Where to Watch Eagles
Because bald eagles are now so numerous through many parts of the United States and Canada, recreational eagle watching is increasingly popular—and not only during spring and autumn at well-known raptor migration watch sites, but also at other locations during other seasons of the year. Here are a few of the best places to watch bald eagles in the continental United States. (Note: you must keep your distance, and keep quiet, so as not to disturb the birds. Never approach or disturb a nest.)
• Alaska Chilkat Bald Eagle Preserve (near Haines). The mid-November Alaska Bald Eagle Festival is ideal, with as many as 3,000 eagles feeding on salmon of five species
• Connecticut River Eagle Festival (in Essex) on Presidents’ Day weekend in mid-February.
• Various locks and dams along the Upper Mississippi River during winter.
• Bear River Migratory Bird Refuge (near Brigham City, Utah) in early December, and February and March. • Skagit River Bald Eagle Natural Area (near Rockport, Washington) from late December to mid-February. Catch the Upper Skagit Bald Eagle Festival in Rockport.

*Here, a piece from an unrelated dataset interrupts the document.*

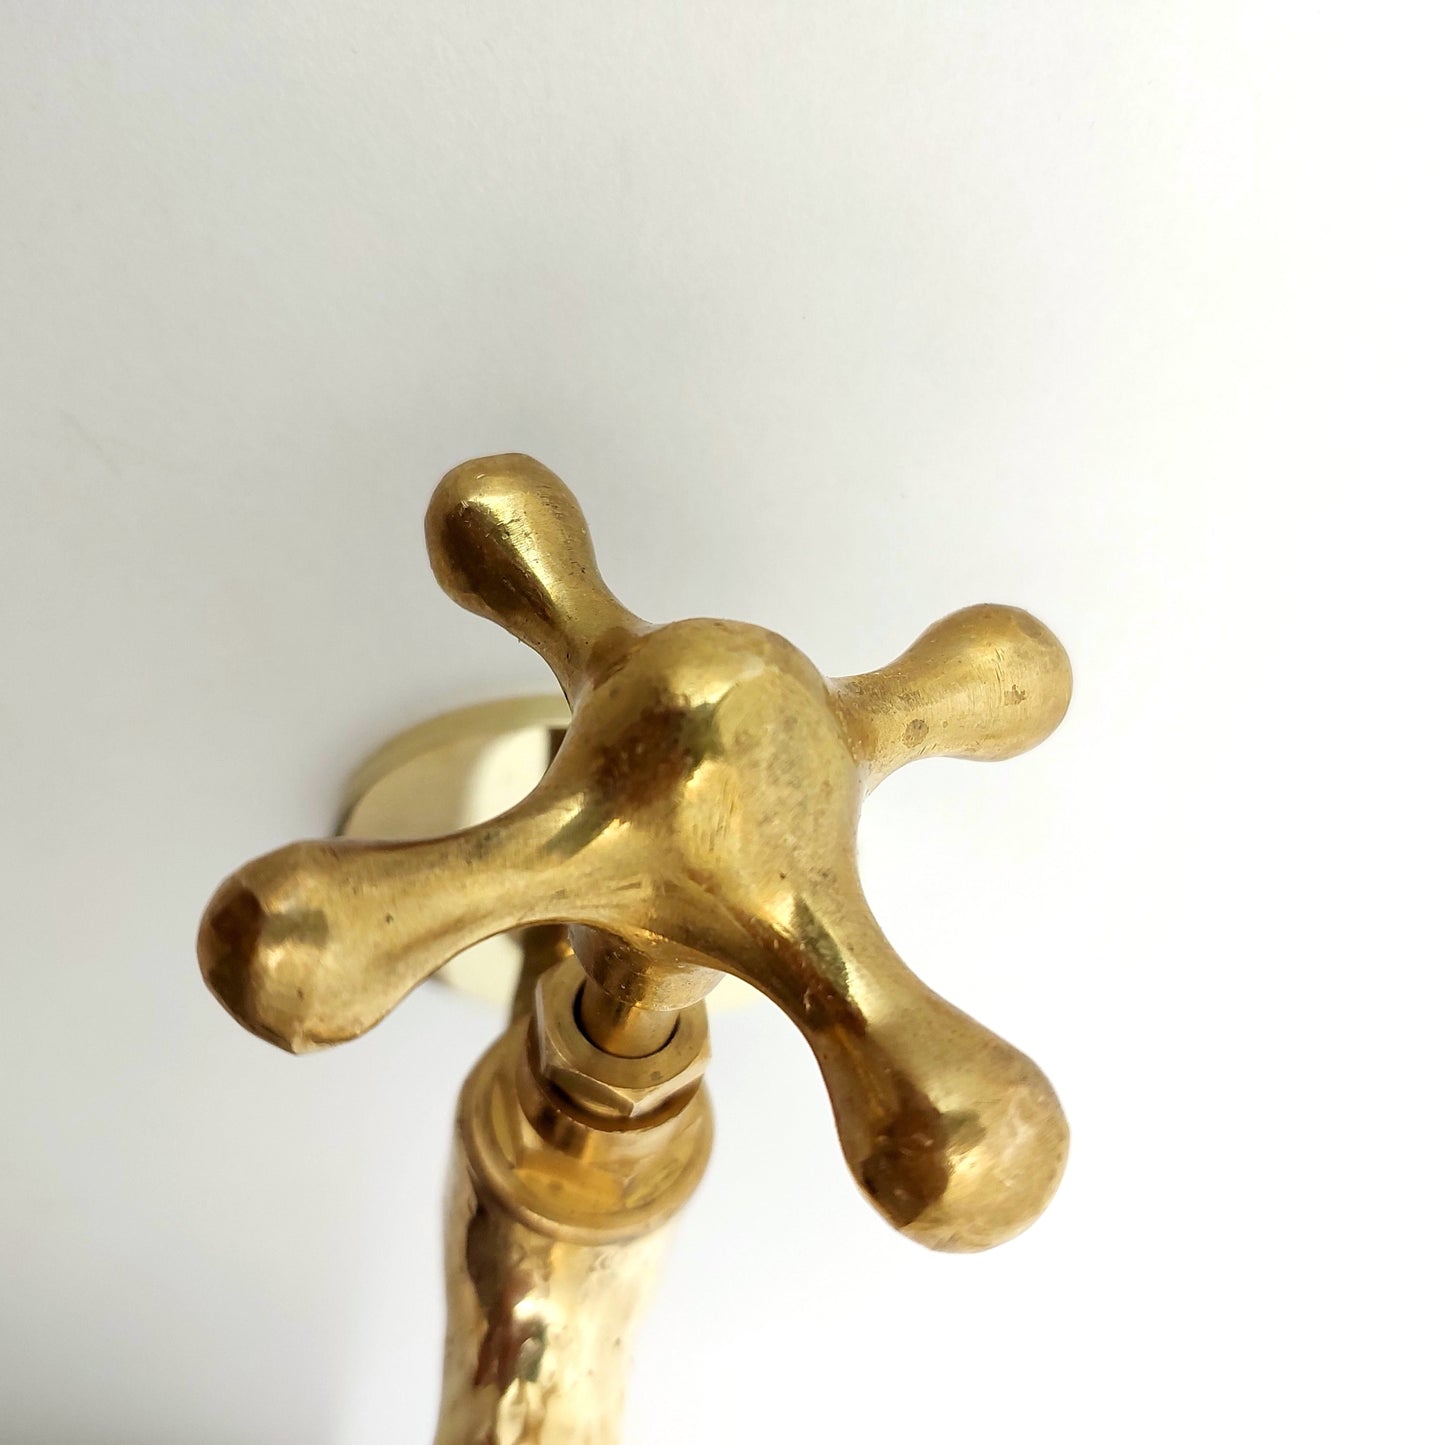 Unlacquered Solid Brass Wall Mounted Faucet with Cross Handle - Ref: AWF001
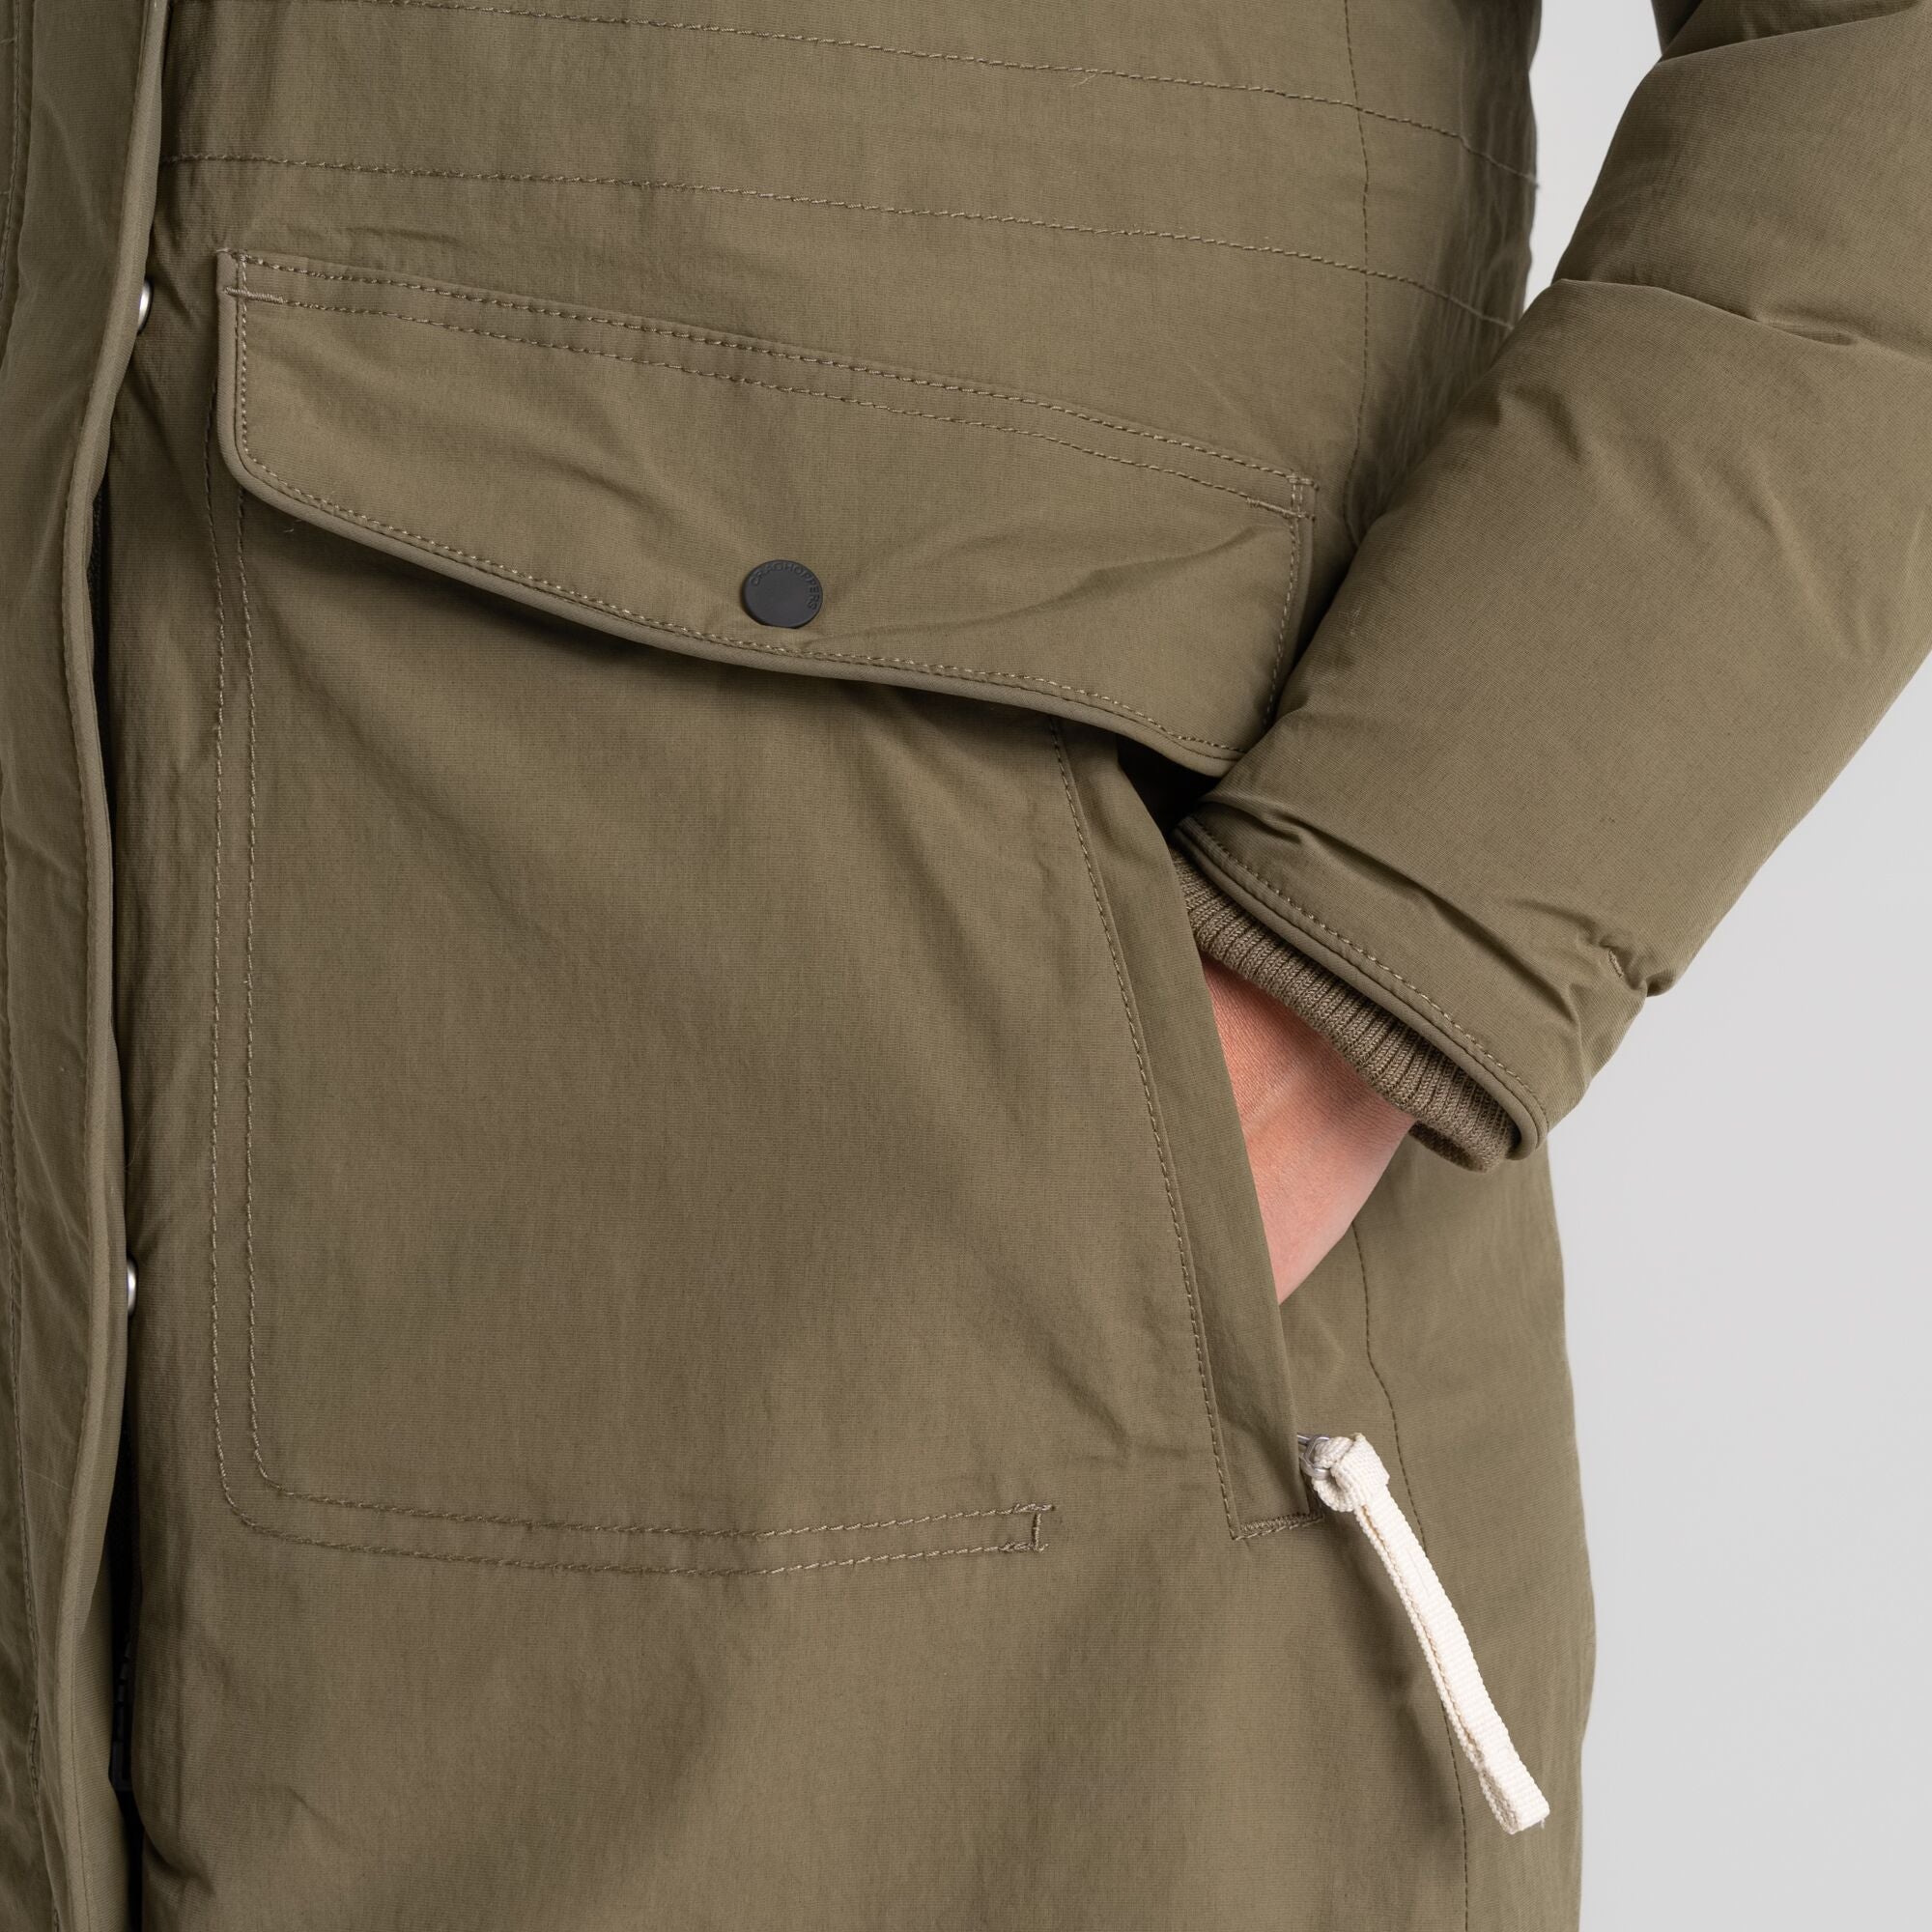 Women's Lundale Insulated Jacket | Wild Olive

References and Additional Reading
D. A. Buehler, “Bald Eagle (Haliaeetus leucocephalus)” in The Birds of North America No. 506. (A. Poole and F. Gill, eds., 2000). The Birds of North America, Inc., Philadelphia, PA.
Jerry Feaser, The Growing and Prominent Presence of Pennsylvania’s bald eagles. Pennsylvania Game Commission News Release #072-12 (27 June 2012).
Donald S. Heintzelman, Hawks and Owls of Eastern North America. Rutgers University Press (2004).
Donald S. Heintzelman, Guide to Hawk Watching in North America. Globe Pequot Press (2004).
Sandra E. Wright, Bald Eagles: A Threatened Species Becomes a Threat to Aviation. Proceedings of the 2007 Bird Strike Committee USA/Canada (9 th Annual Meeting, Kingston, Ontario). Available: http://digitalcommons.unl.edu/birdstrike2007/16/
About the author: Donald S. Heintzelman is a professional ornithologist with a special interest in raptors, and is the author of 22 published books. He has more than 50 years field experience studying raptors, tundra swans and other wildlife throughout the world. He lives in the rural countryside in southeastern Pennsylvania.